## STUDY MATERIAL
* * *

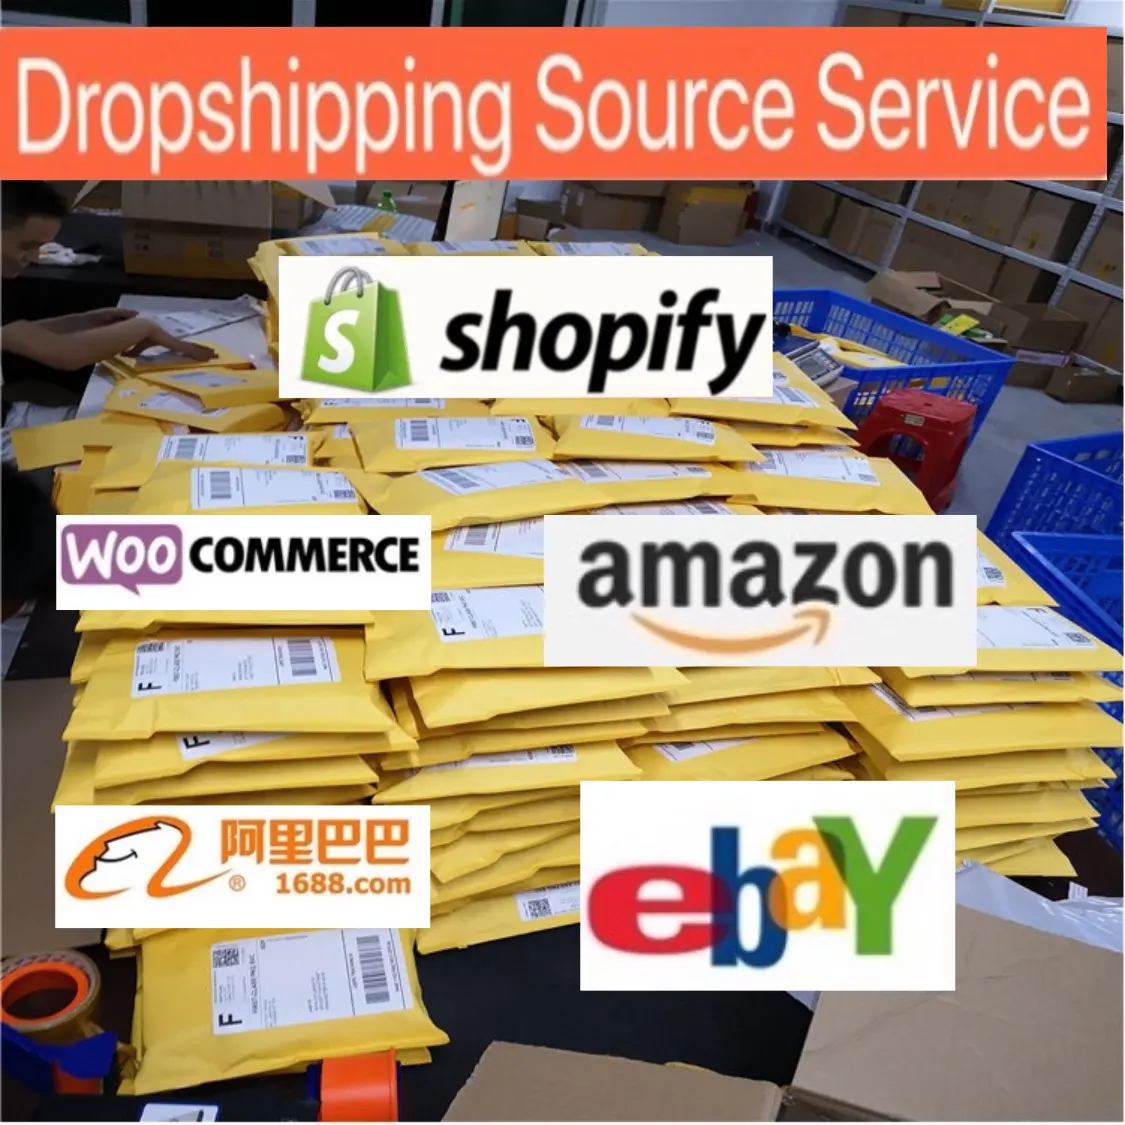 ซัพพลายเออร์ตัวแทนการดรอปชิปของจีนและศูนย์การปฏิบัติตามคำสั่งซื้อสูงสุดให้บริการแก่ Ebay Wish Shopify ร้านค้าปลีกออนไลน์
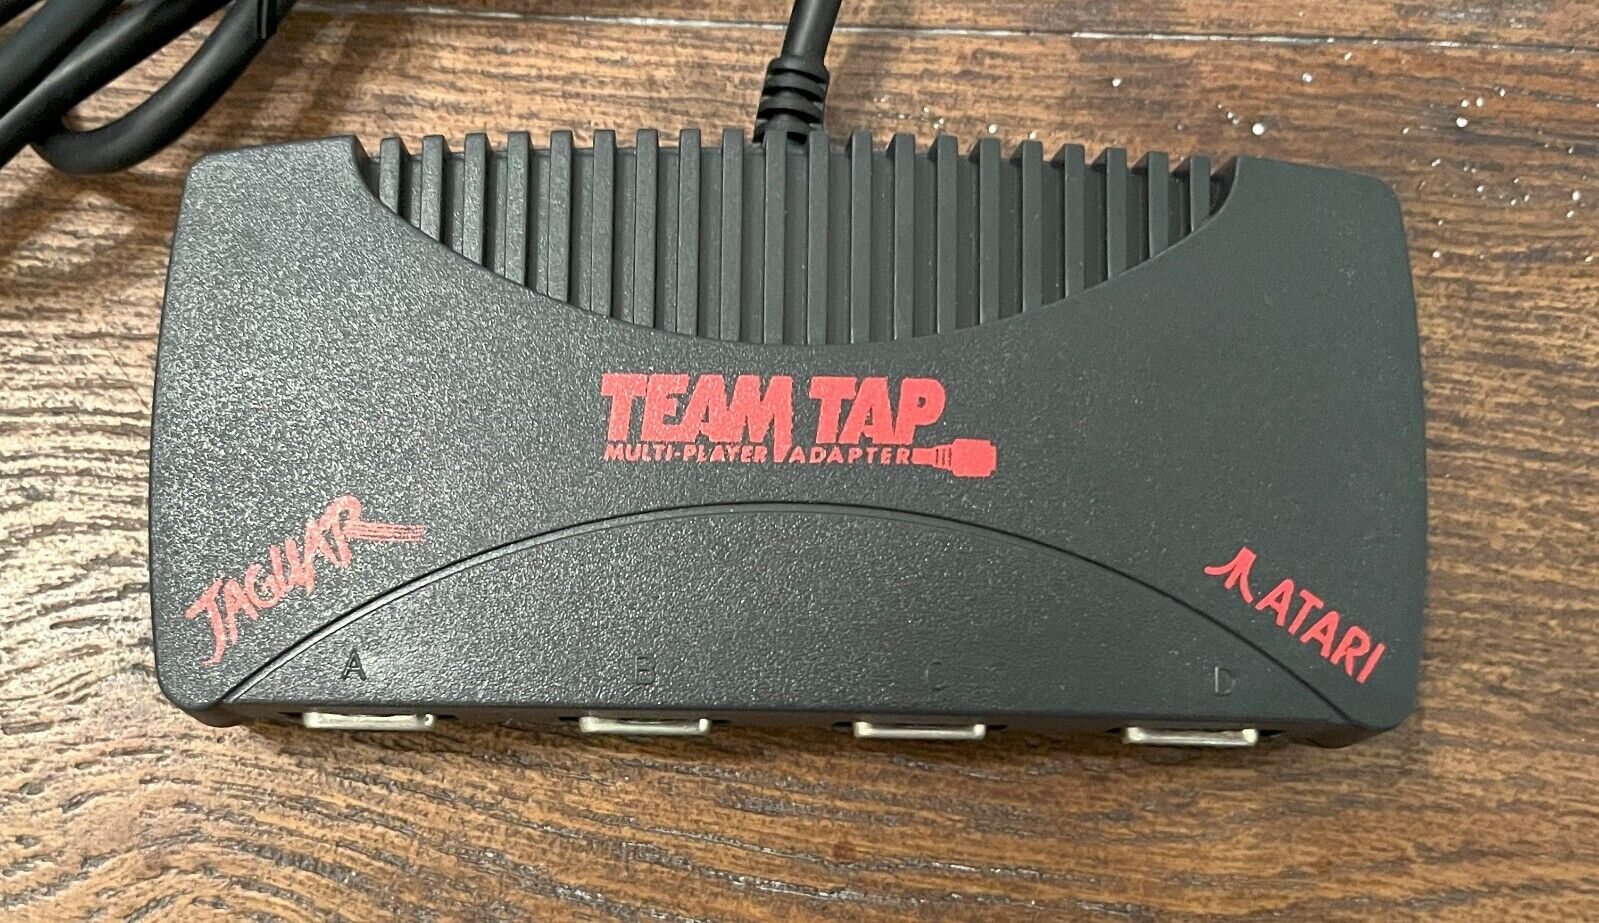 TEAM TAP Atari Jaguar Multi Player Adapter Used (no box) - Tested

* * *

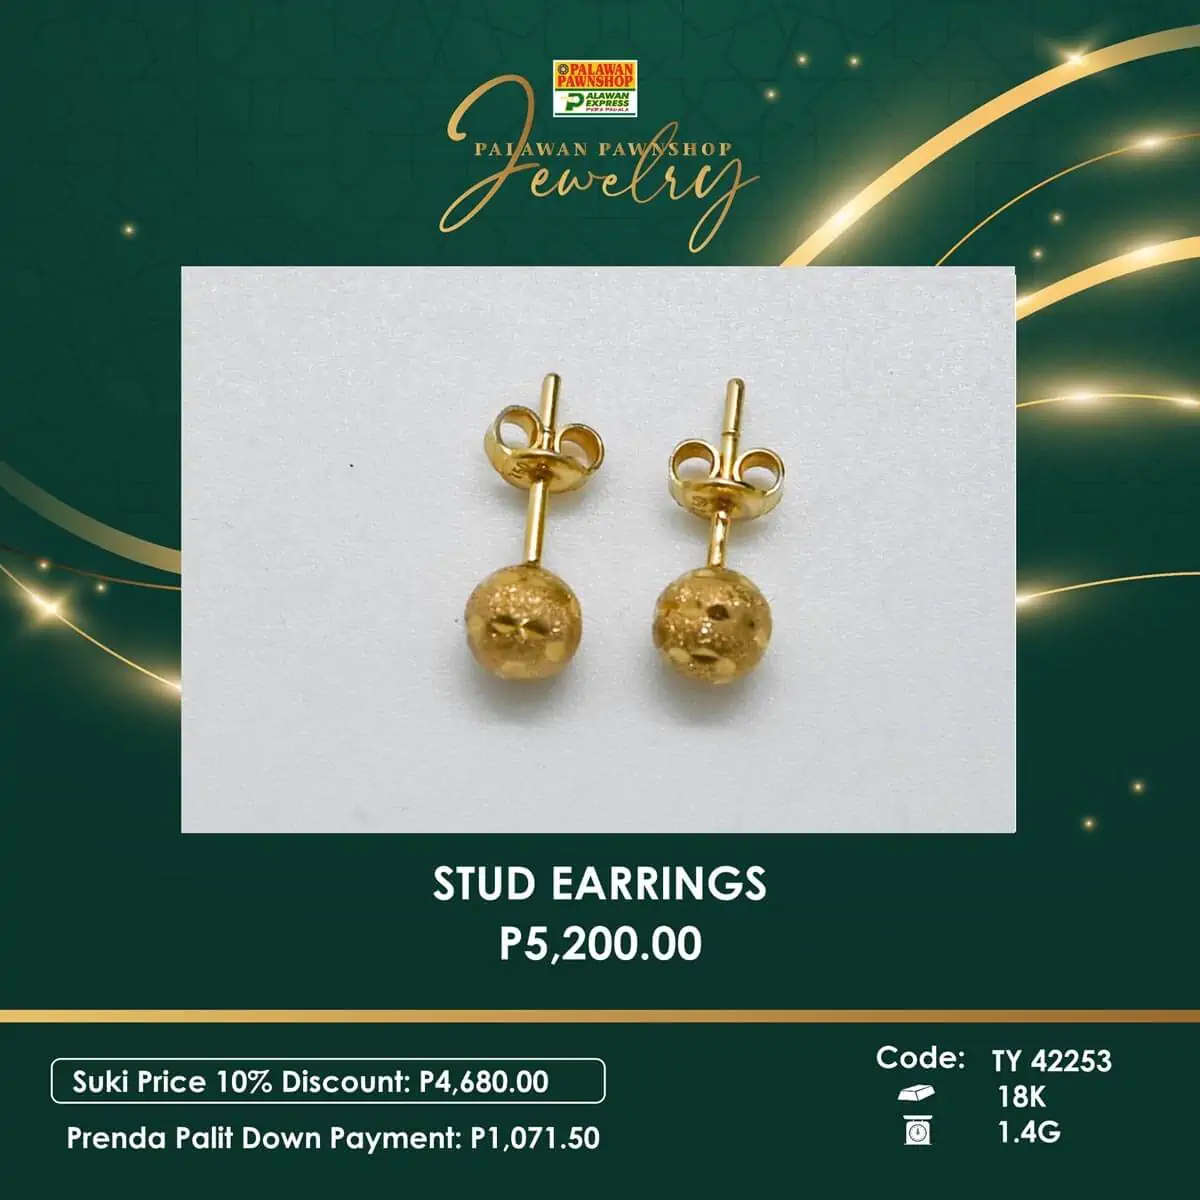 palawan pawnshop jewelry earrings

* * *

## EXERCISE
The answer is those lines of the material above that run from the one containing "Wish Shopify ร้านค้าปลีกออนไลน์" up to and including the one containing "TEAM TAP Atari", restated exactly and without images.

## SOLUTION
 ซัพพลายเออร์ตัวแทนการดรอปชิปของจีนและศูนย์การปฏิบัติตามคำสั่งซื้อสูงสุดให้บริการแก่ Ebay Wish Shopify ร้านค้าปลีกออนไลน์
 TEAM TAP Atari Jaguar Multi Player Adapter Used (no box) - Tested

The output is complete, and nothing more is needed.